= Novice (racehorse) =

Inexperienced racehorse

A novice in horse racing is an inexperienced racehorse which has not run in a certain number of races of a particular type, or not won in such races. The definition of a novice is determined by the horse racing authority in a particular country or area.

==Flat racing==
In British Flat racing novice races are generally restricted to horses which have not won more than twice, have not won a race of a particular status or have not run more than twice. Specific conditions apply to auction races restricted to horses sold at public auctions.

==National Hunt racing==
A novice in National Hunt horse racing is a horse which has not won in a particular type of race prior to the start of the current season. A novice hurdler has not won a hurdle race before the start of the current season, while a novice chaser has not won a steeplechase before the start of the current season.

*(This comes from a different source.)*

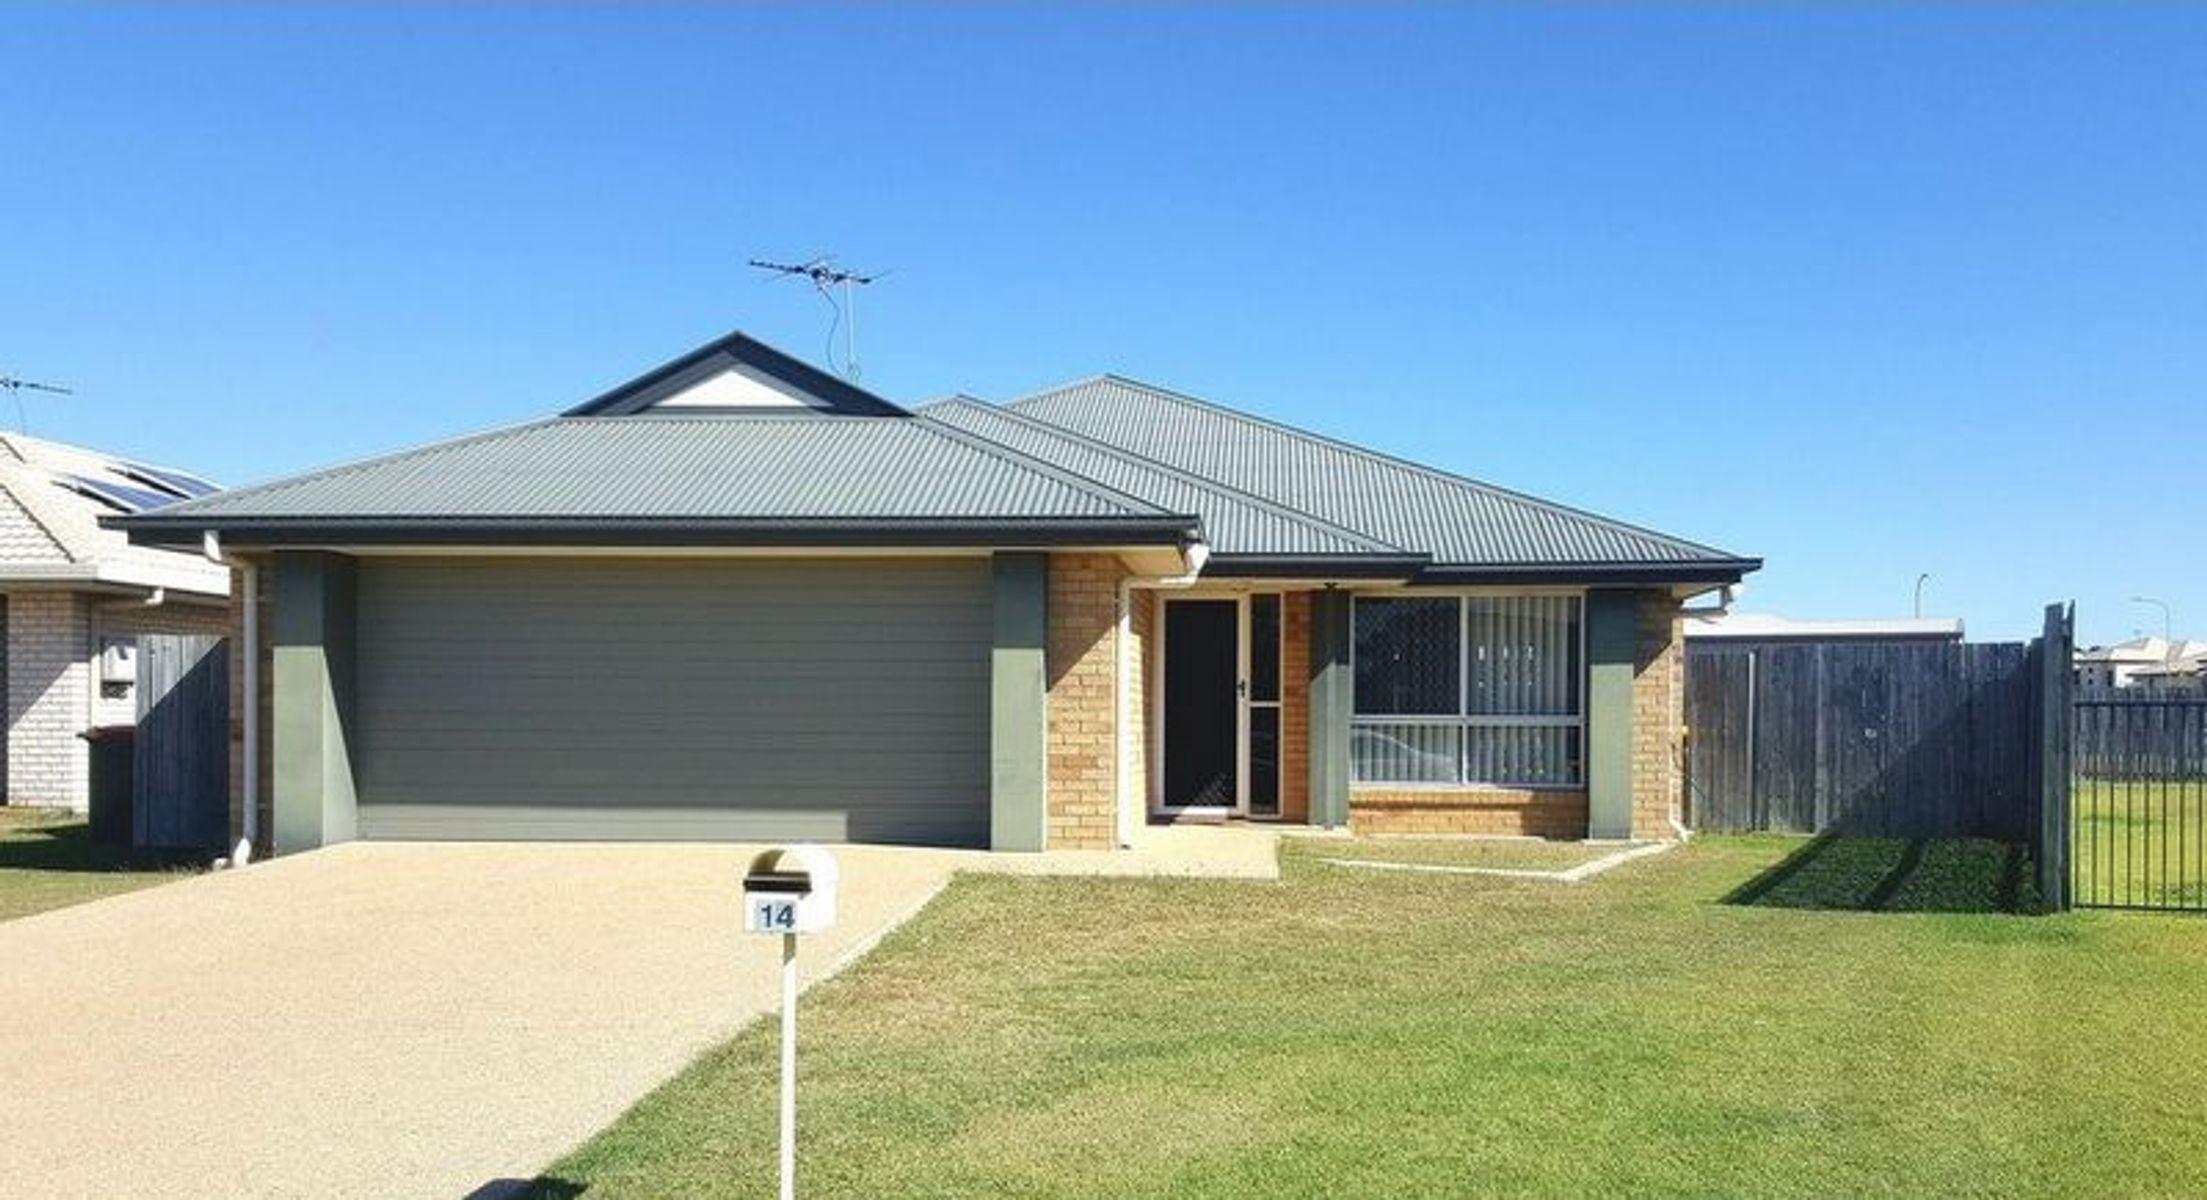 14 Tippett Crescent, Gracemere, QLD 4702

A horse remains a novice until the end of the season in which it gains its first win in that particular category, no matter how many wins it achieves. Generally novices race against other novices although there is no restriction preventing novices competing against more experienced rivals. Occasionally a novice wins a major race outside novice company - Captain Christy in 1974 and Coneygree in 2015 won the Cheltenham Gold Cup as novices, as did Make A Stand in the 1997 Champion Hurdle. Noble Yeats won the 2022 Grand National as a novice.

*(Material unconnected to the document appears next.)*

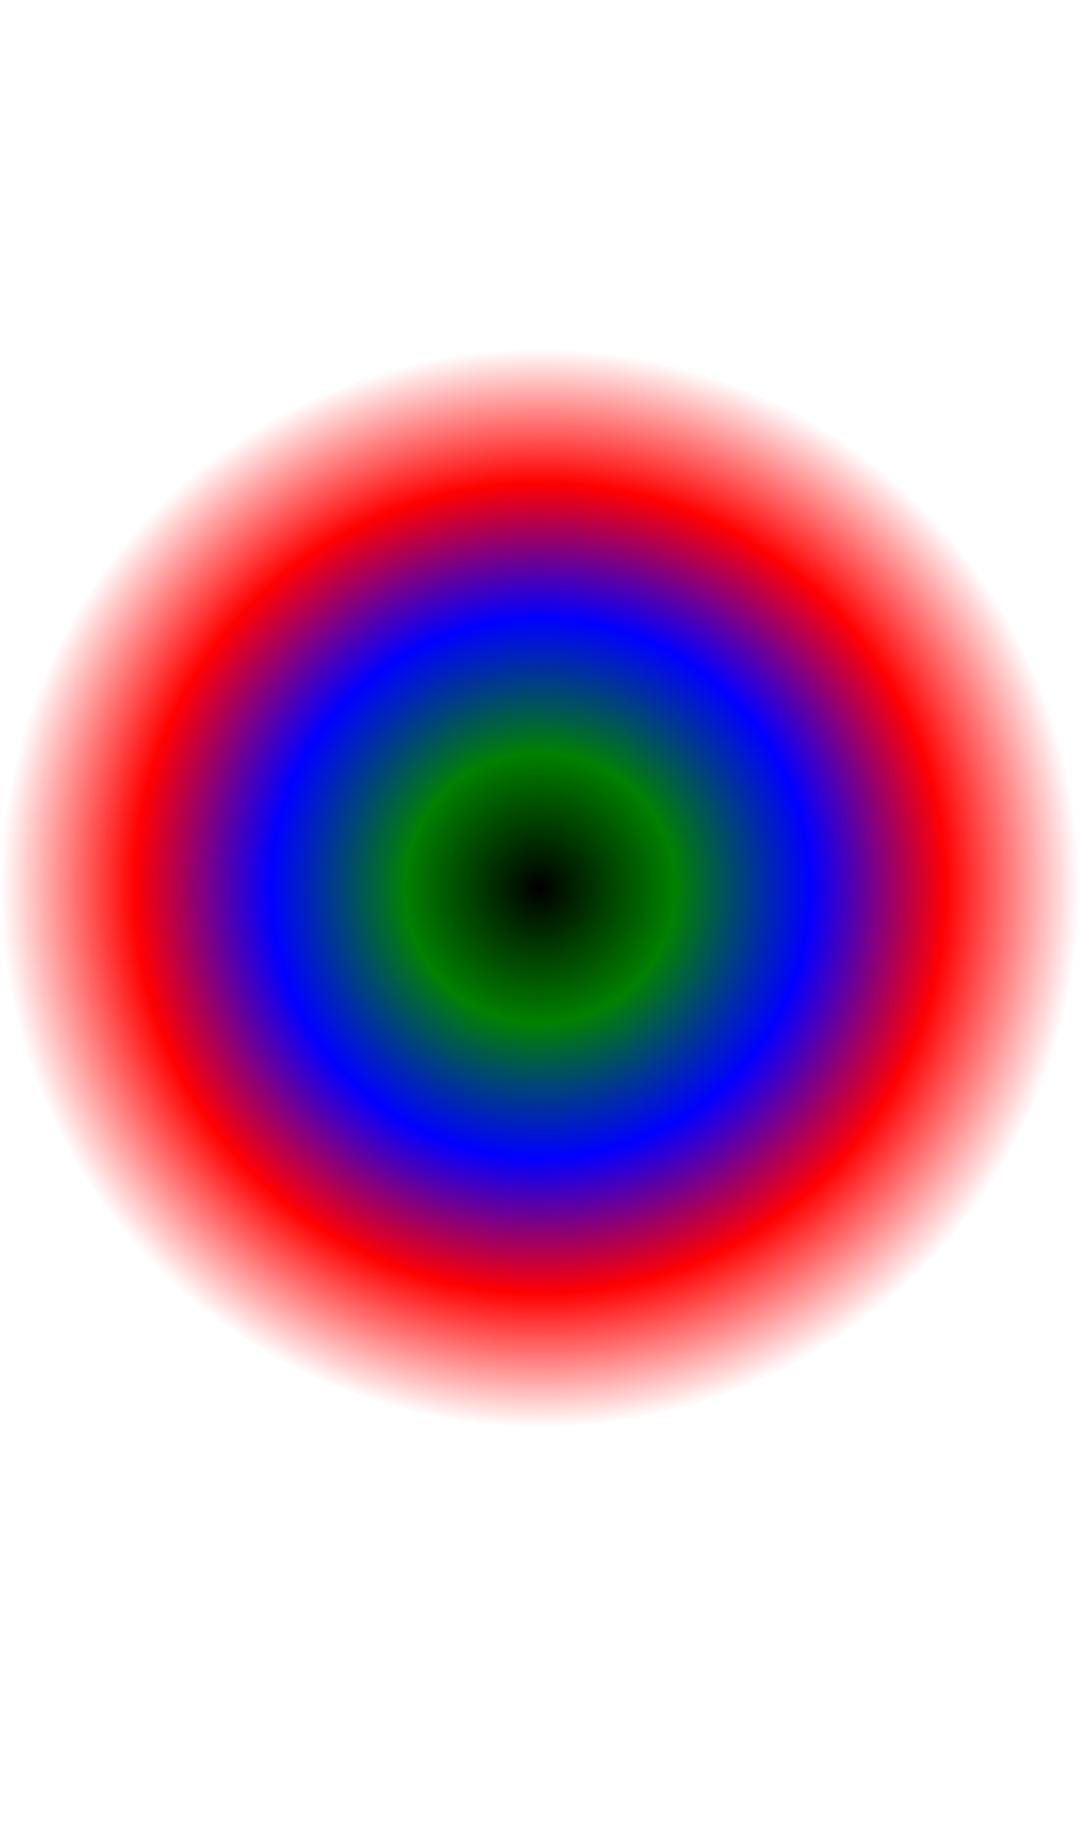 What Is Radial Balance In Art: Surajitsarkar19/react-native-radial-gradient

A modern development has seen a concession whereby horses that record their first win in a given sphere in March or April may contest novice events up to 31 October of that year. This period was extended to 30 November from the 2022–23 season in British National Hunt racing.

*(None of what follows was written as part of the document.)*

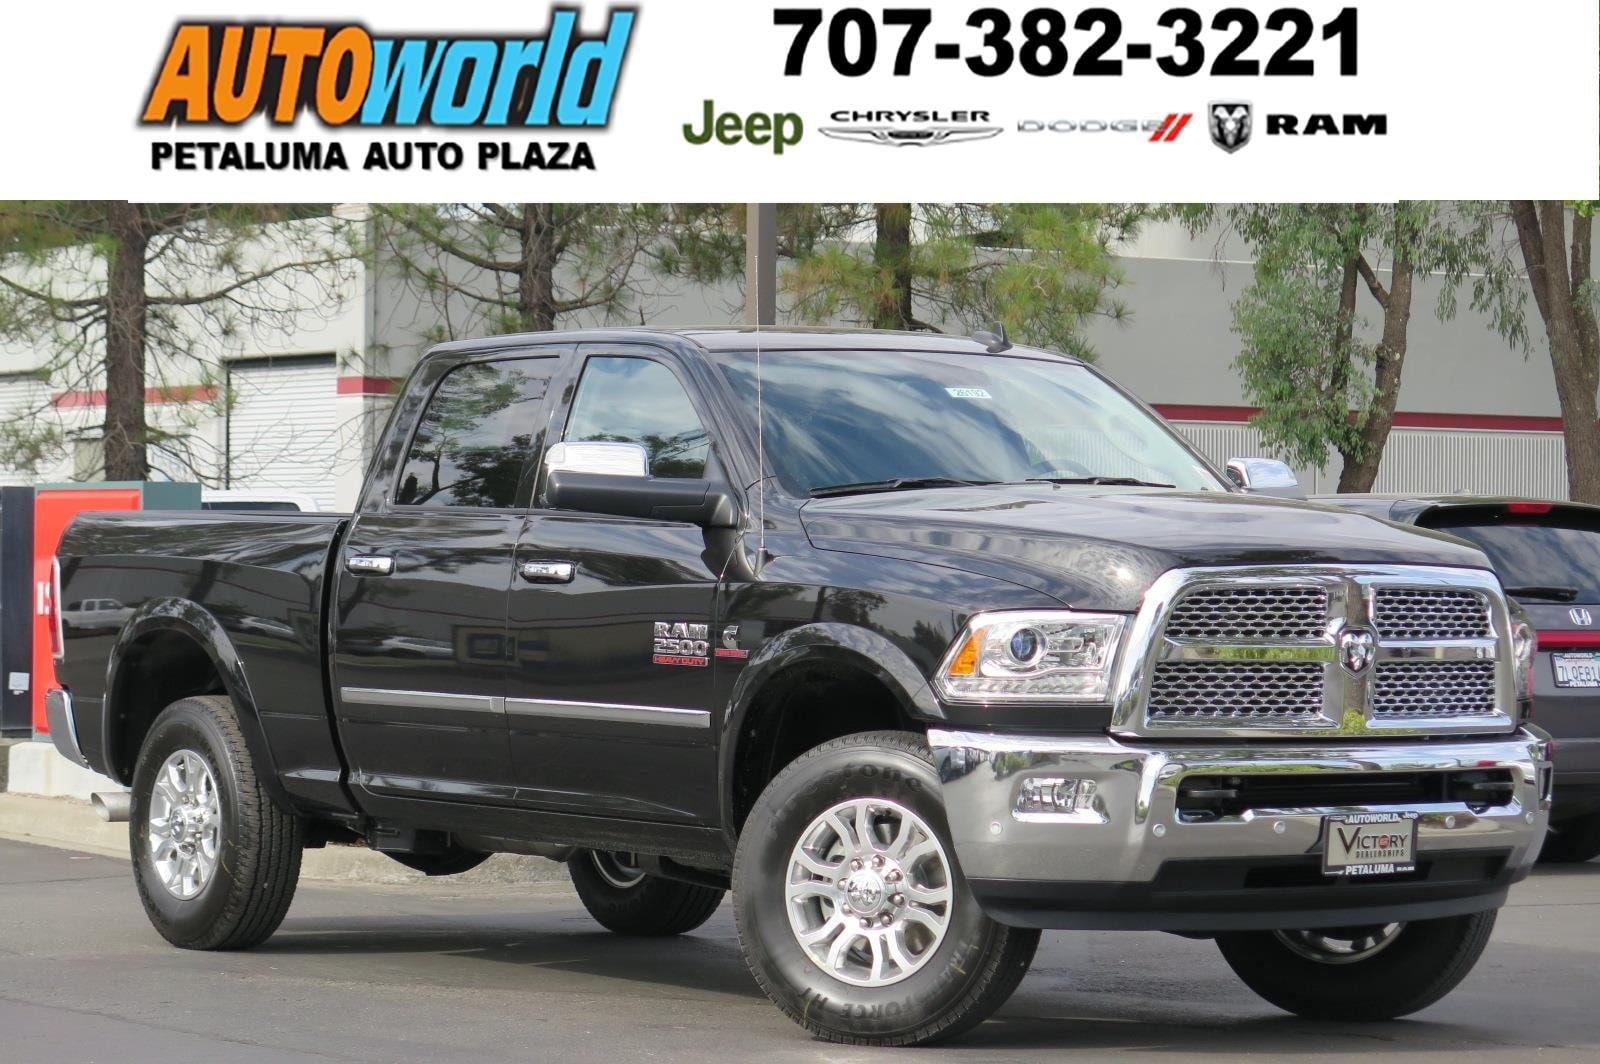 Autoworld Dodge Chrysler Jeep RAM | Vehicles for sale in Petaluma ...

==Principal novice races==
The most important races run for novices in Great Britain are all run as Grade 1 events at the Cheltenham Festival

- Brown Advisory Novices' Chase run over three miles 110 yards.
- Arkle Challenge Trophy run over two miles (3 km).
- Ballymore Novices' Hurdle run over two miles five furlongs.
- Supreme Novices' Hurdle run over two miles 110 yards.
- Triumph Hurdle run over two miles one furlong and restricted to four-year-olds only.